Here’s a closer look at how paying taxes with credit cards works, the pros and cons, alternatives, and when it can make sense.

Can you pay federal taxes with a credit card?

Americans can pay most federal taxes with credit cards, although the Internal Revenue Service (IRS) limits the number of payments you can make. For example, individuals who file Form 1040 are only allowed to make two credit card, debit card, or cash payments per year toward their current tax due. You can learn more about the limits on the IRS Frequency Limit Table.

However, not all federal taxes can be paid with a credit card. Employment taxes — including withheld employee federal income taxes, employee and employer social security and Medicare taxes, and withheld Additional Medicare taxes — must be deposited via an electronic transfer from a bank account.

Can you pay state taxes with a credit card?

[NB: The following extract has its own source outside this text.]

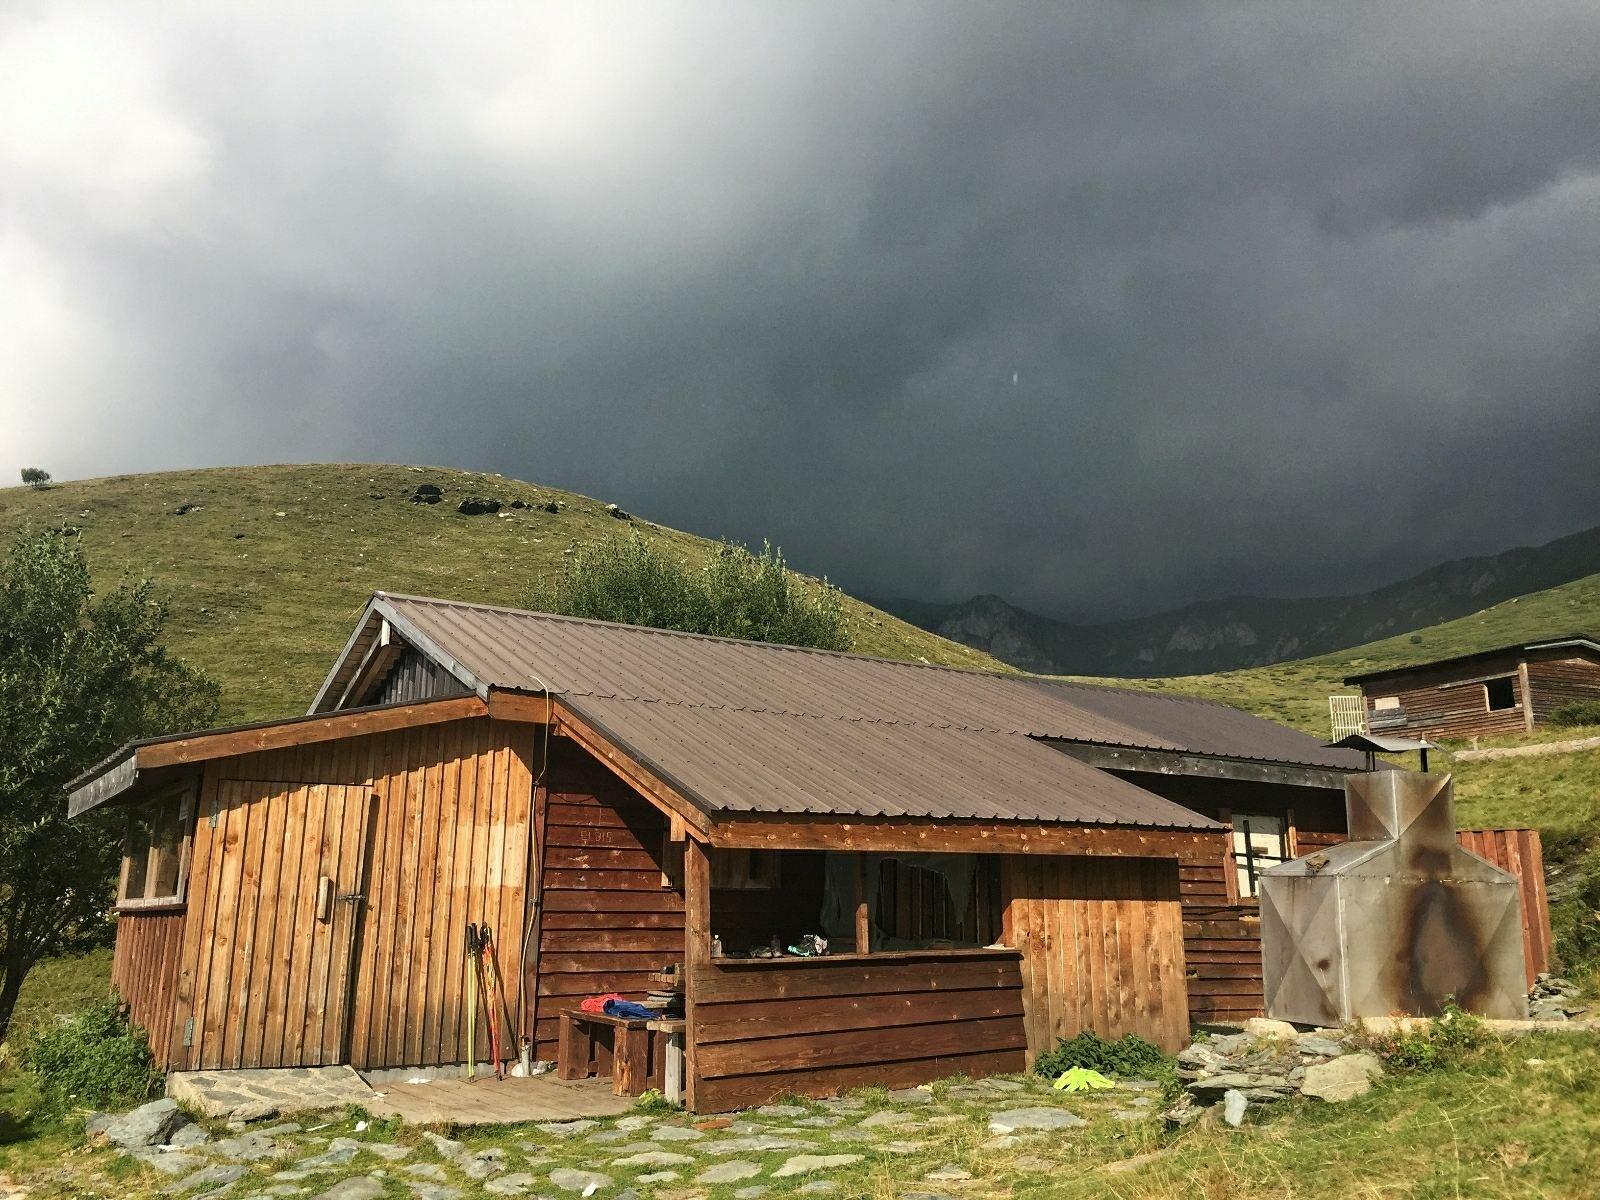 Mountain hut Zitadelle

Many states allow you to pay taxes with a credit card. However, the costs and eligible tax types vary. In Arizona, for example, you can use a credit card to pay individual income tax and small business income tax, but will have to pay a 2.35% convenience fee to do so. To find out the requirements in your state, check with your state’s Department of Revenue Services (or similar agency).

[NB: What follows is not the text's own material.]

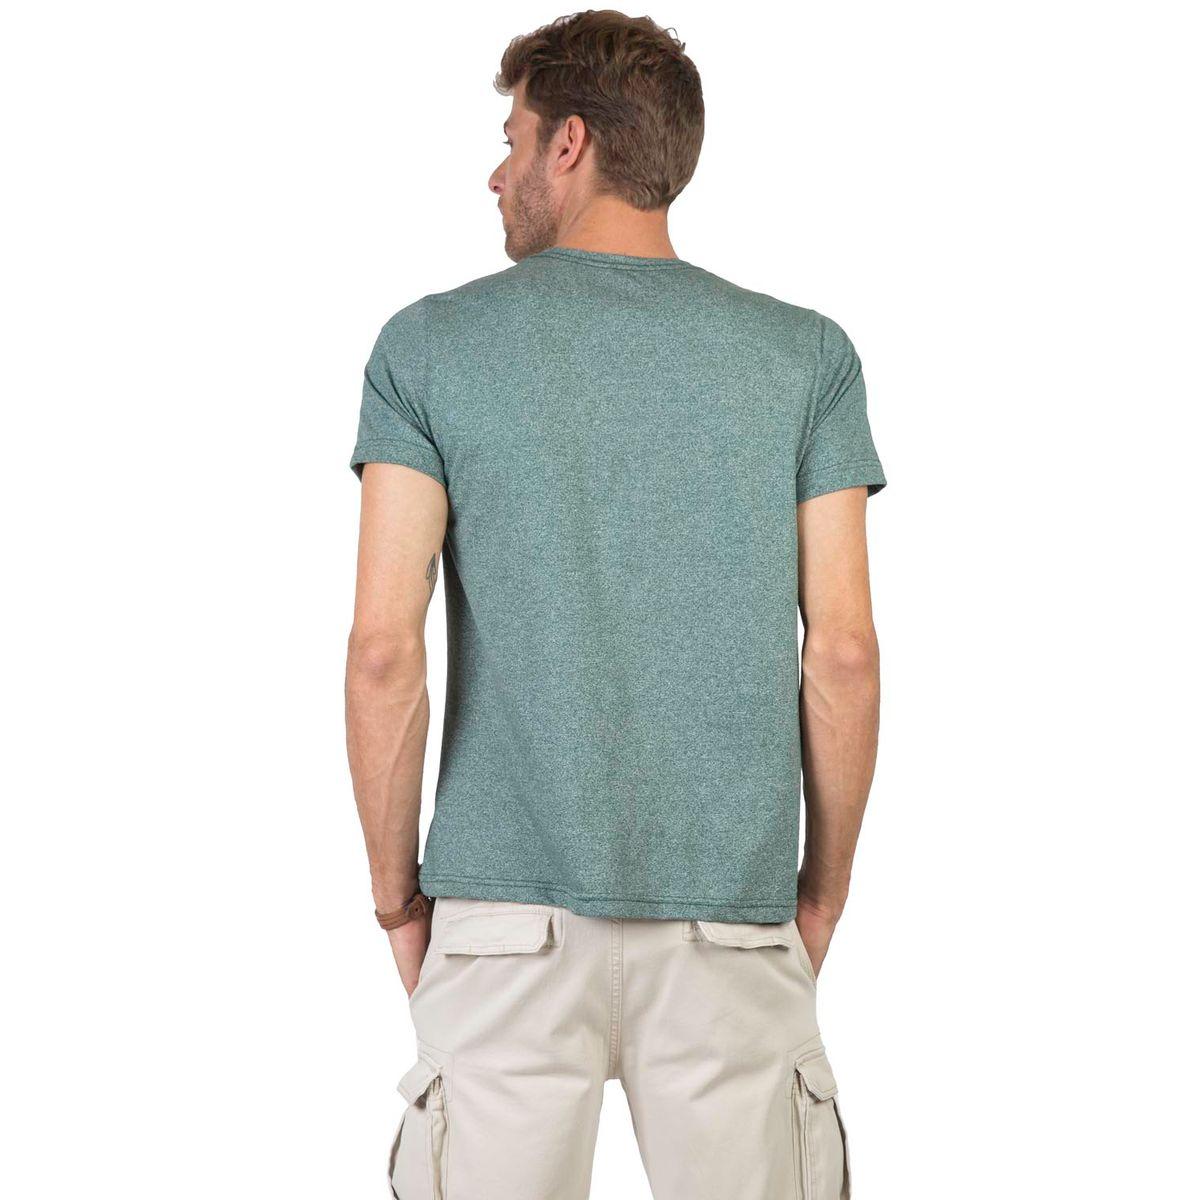 T-Shirt Estampada Verde - Taco 7e5c0a1ae0cf5

How do you pay taxes with a credit card?

To make a federal tax payment with a credit card, you’ll need to use one of the third-party payment processors that partner with the IRS. The three options are ACI Payments Inc., Pay 1040, and payUSAtax. Before choosing one, be sure to check their accepted payment methods and processing fees (see the charts in the next section).

If you need to make a payment of $1 million or more, you’ll need to coordinate with the following service providers:

  • For payments over $1 million, call WorldPay US, Inc. at 855-508-0159 or ACI Payments, Inc. at 888-889-7228.
  • For payments of $10 million or more, call the Link2Gov Corporation at 866-734-8212.

Is there a fee for using a credit card to pay taxes?

Fees will apply when you pay federal taxes with credit cards. Here’s the cost breakdown.

Processing fees for federal tax credit card payments

Payment Amount payUSAtax Credit Fee Pay1040 Credit Fee ACI Payments, Inc. Credit Fee
$50 $2.69 $2.50 $2.50
$100 $2.69 $2.50 $2.50
$250 $4.63 $4.68 $4.95
$1,000 $18.50 $18.70 $19.80
$2,500 $46.25 $46.75 $49.50
$10,000 $185.00 $187.00 $198.00
Fee % 1.85% 1.87% 1.98%
Minimum Fee $2.69 $2.50 $2.50

Expert Tip: The fees above are charged by the payment processors and do not go to the IRS. As a result, they are tax deductible for business owners.

Additionally, here are the different payment types accepted by each third-party payment processor.

Payment Types Accepted
payUSAtax Credit Fee Visa, Mastercard, Discover, American Express, STAR, Pulse, NYCE, Accel; PayPal, Click to Pay
Pay1040 Credit Fee Visa, Mastercard, Discover, American Express, STAR, Pulse, NYCE, Accel, AFFN, Cirrus, Interlink, Jeanie, Shazam, Maestro; Click to Pay; PayPal; Pay With Cash
ACI Payments, Inc. Credit Fee Visa, Mastercard, Discover, American Express, STAR, Pulse, NYCE; PayPal, Click to Pay; Pay With Cash

What do you need to pay taxes with a credit card?

When you go to make a credit card payment to the IRS, you’ll generally need to have the following information ready.

  • Entity type: Business entity or individual.
  • Tax type to pay: Current tax return, prior year tax return, installment agreement, estimated tax payment, etc.
  • Tax year: The tax year for the payment you are making.
  • Taxpayer information: Name, address, SSN or EIN, and birthdate.
  • Taxpayer contact information: Email, phone number, and address.
  • Payment amount: The amount you want to pay.
  • Credit card details: Cardholder name, card number, expiration date, CVV, and billing zip code.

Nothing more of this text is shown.